Start of DATA BELOW

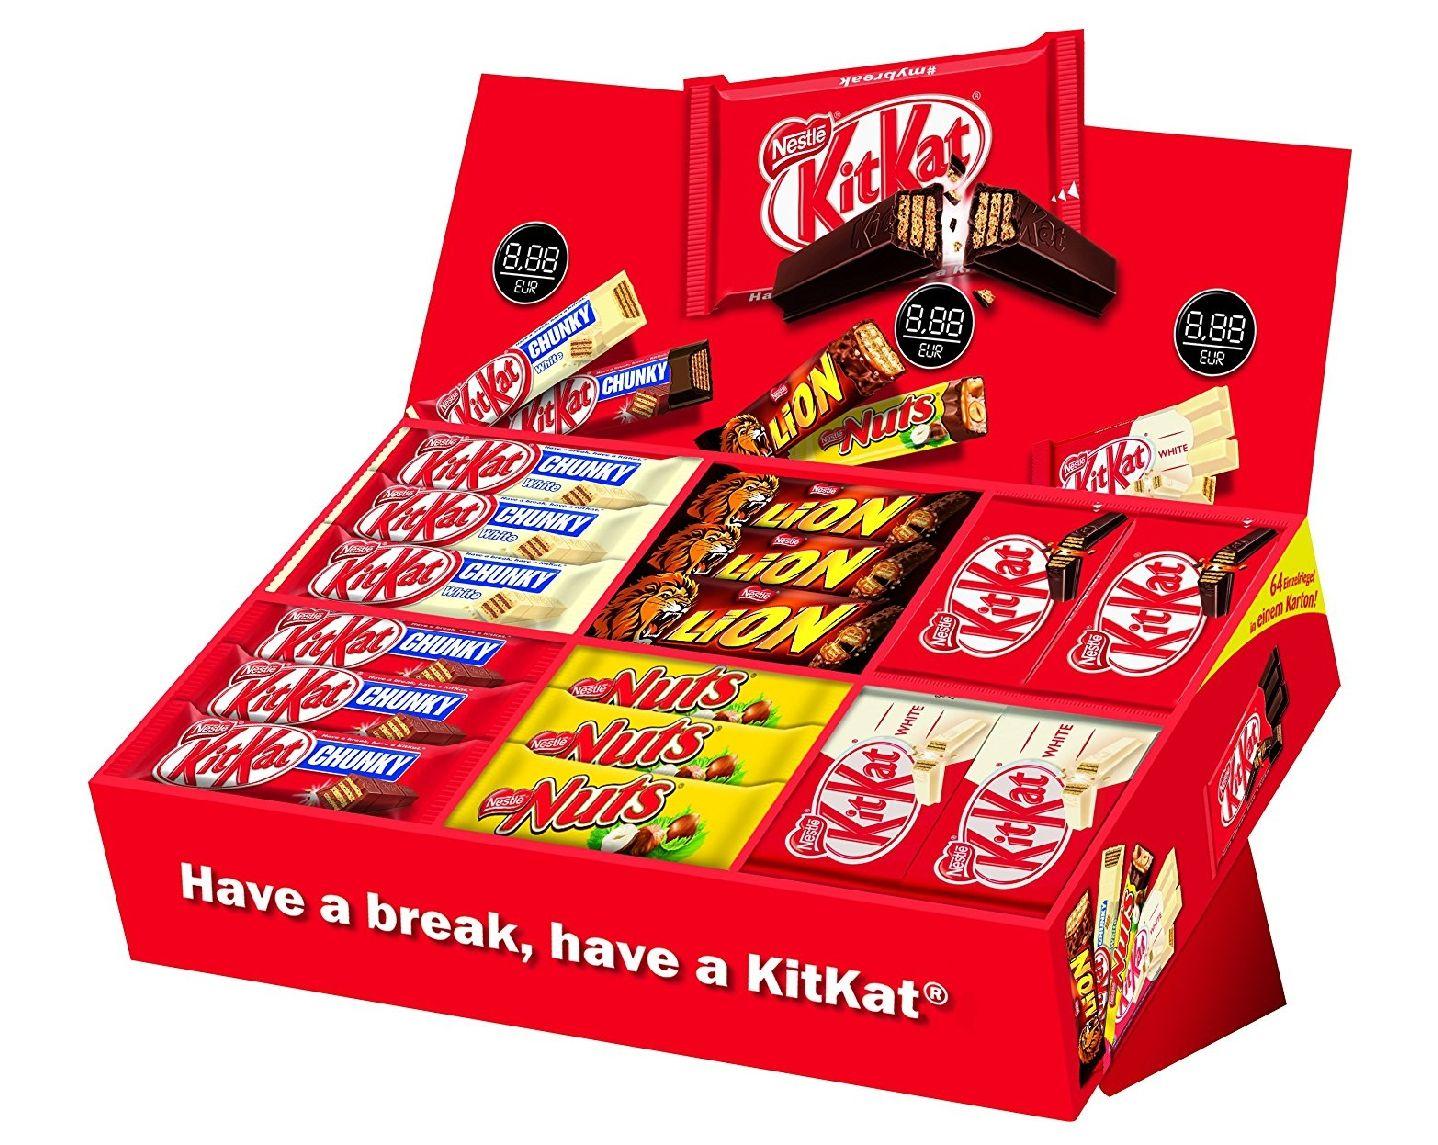 [amazon] Nestlé Schokoriegel Sortimentskarton, 64 leckere Riegel aus Schokolade in einer Mix-Box
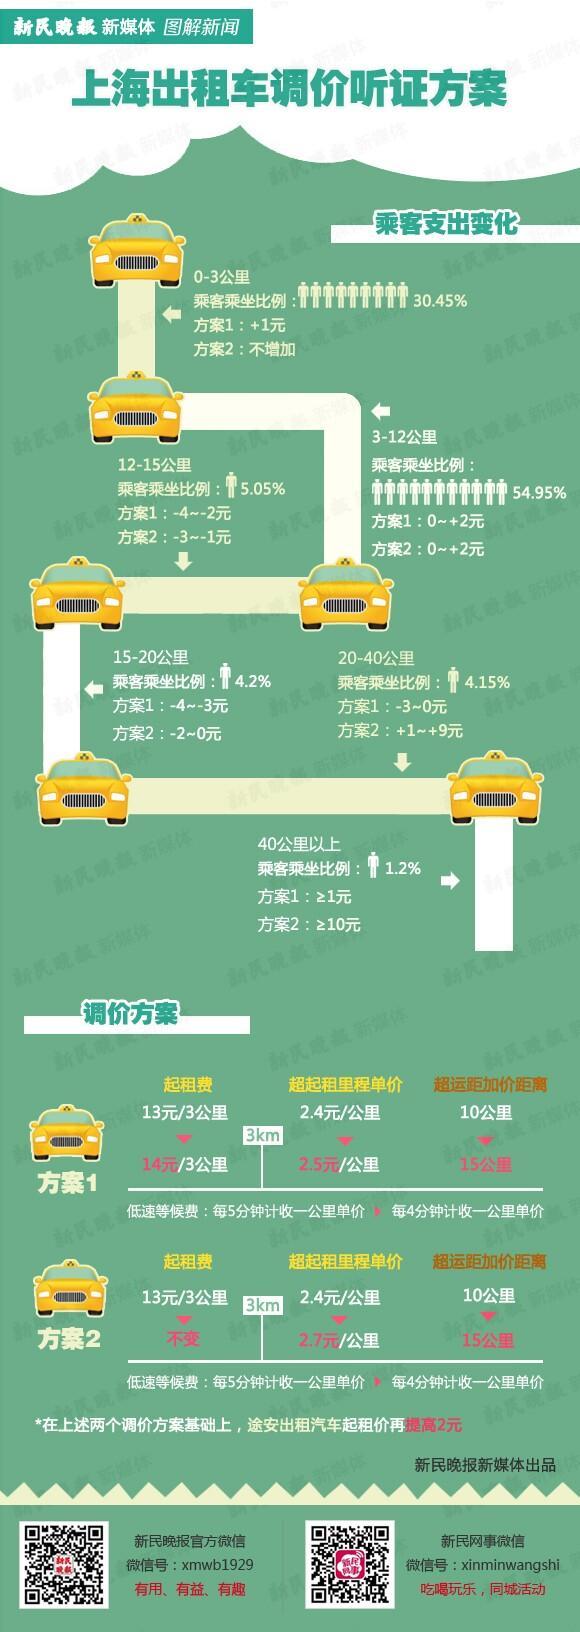 沪出租车运价调整听证 方案一支持率高
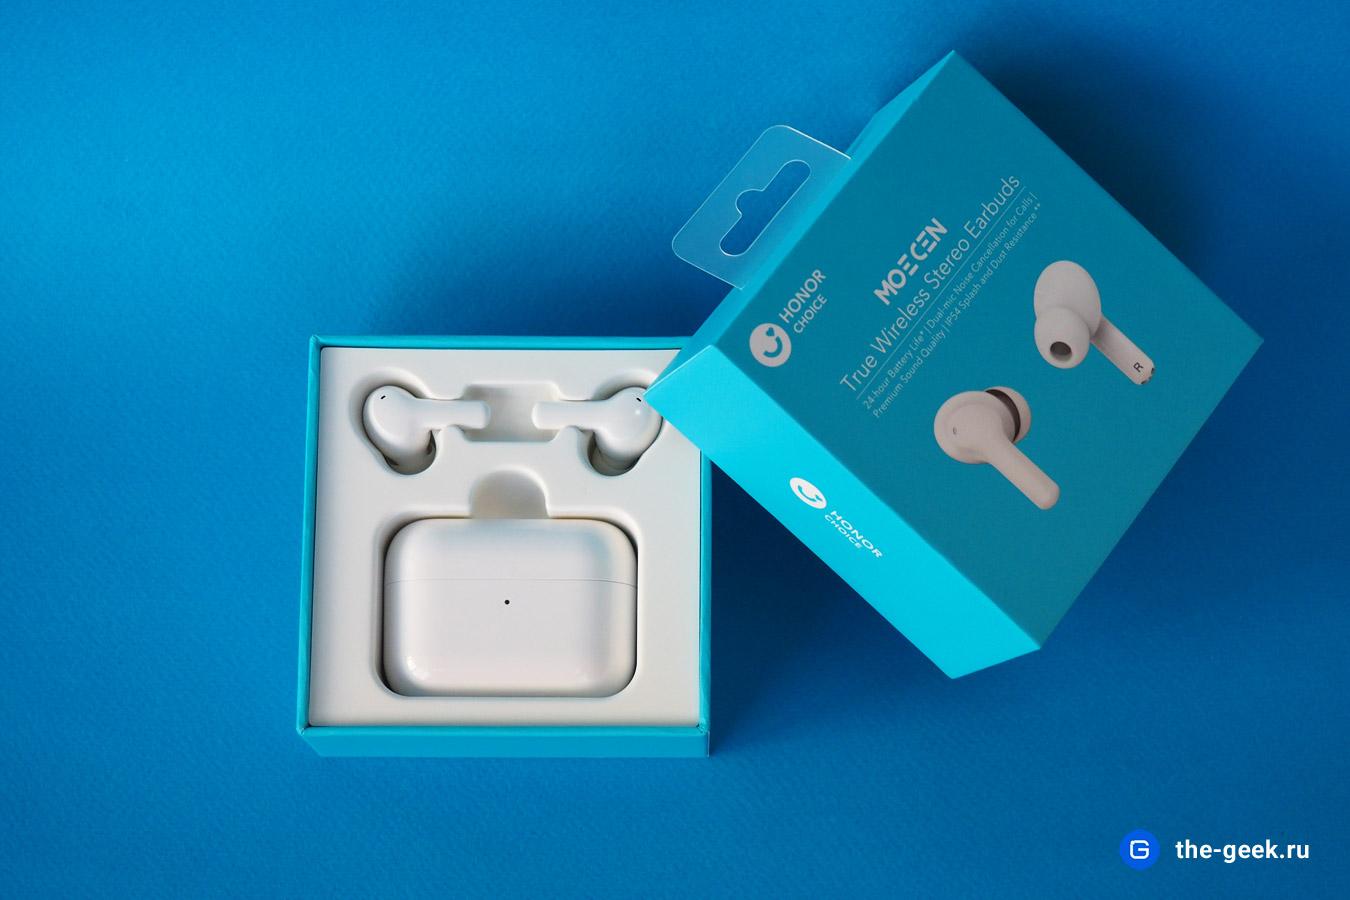 honor-true-wireless-stereo-earbuds_6.jpg
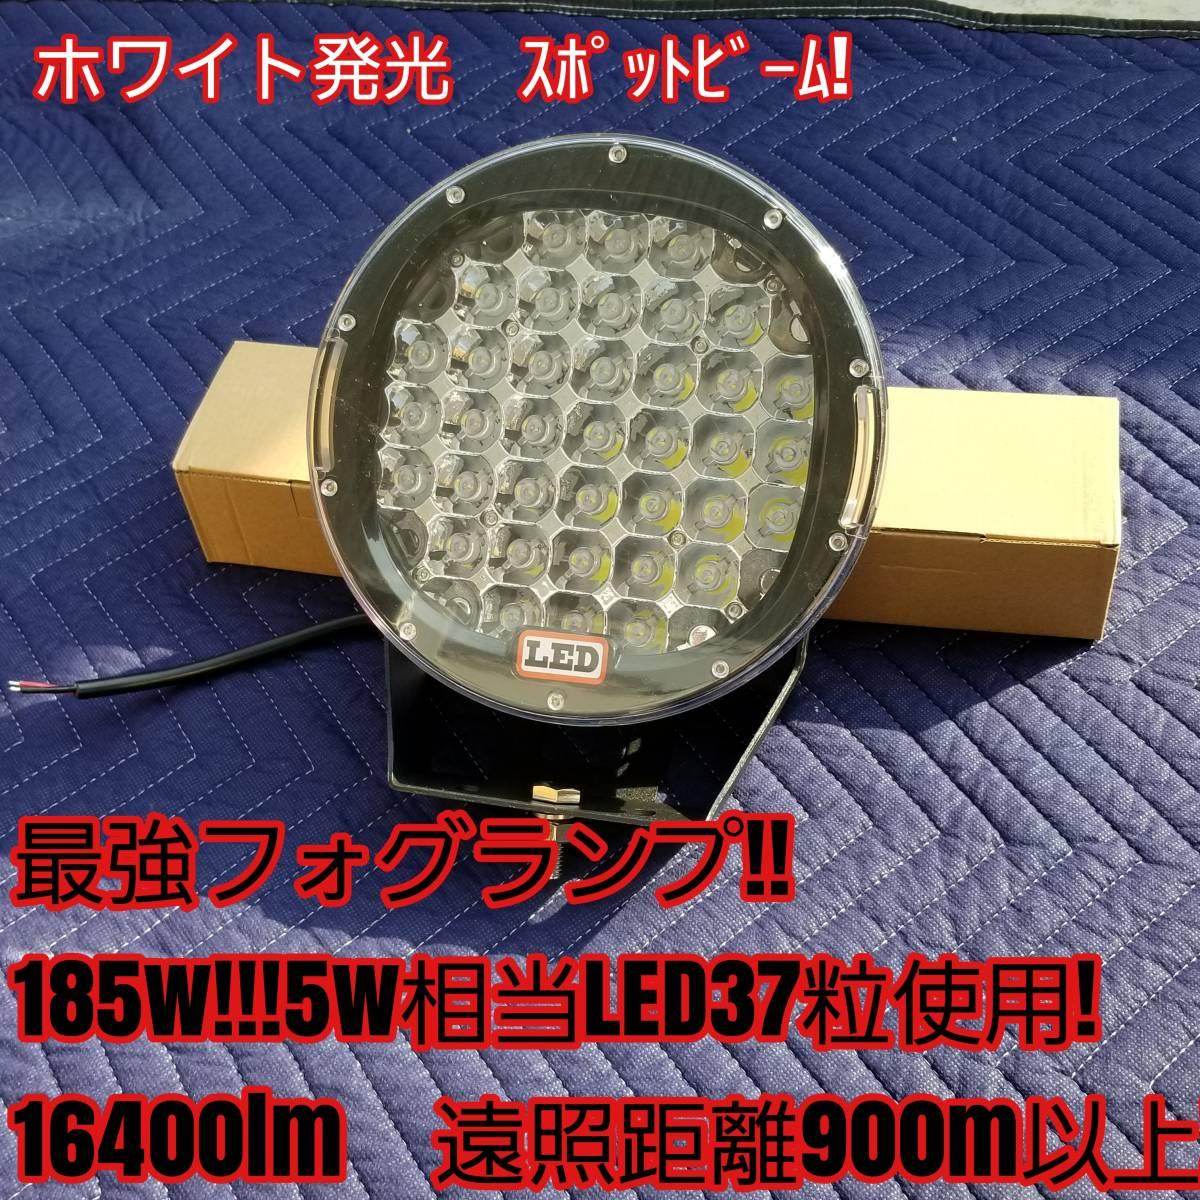 新品LED フォグライト 185w 作業灯 ワークライト 防水 CREE 2個 サーチライト ライトバー 丸型スポットビームARB プラド キャリア_画像2

End of DATA BELOW

> EXERCISE:
All the lines above are to be given again exactly as they read, with the pictures removed.

> REPLY:
 [amazon] Nestlé Schokoriegel Sortimentskarton, 64 leckere Riegel aus Schokolade in einer Mix-Box
 沪出租车运价调整听证 方案一支持率高
 honor-true-wireless-stereo-earbuds_6.jpg
 新品LED フォグライト 185w 作業灯 ワークライト 防水 CREE 2個 サーチライト ライトバー 丸型スポットビームARB プラド キャリア_画像2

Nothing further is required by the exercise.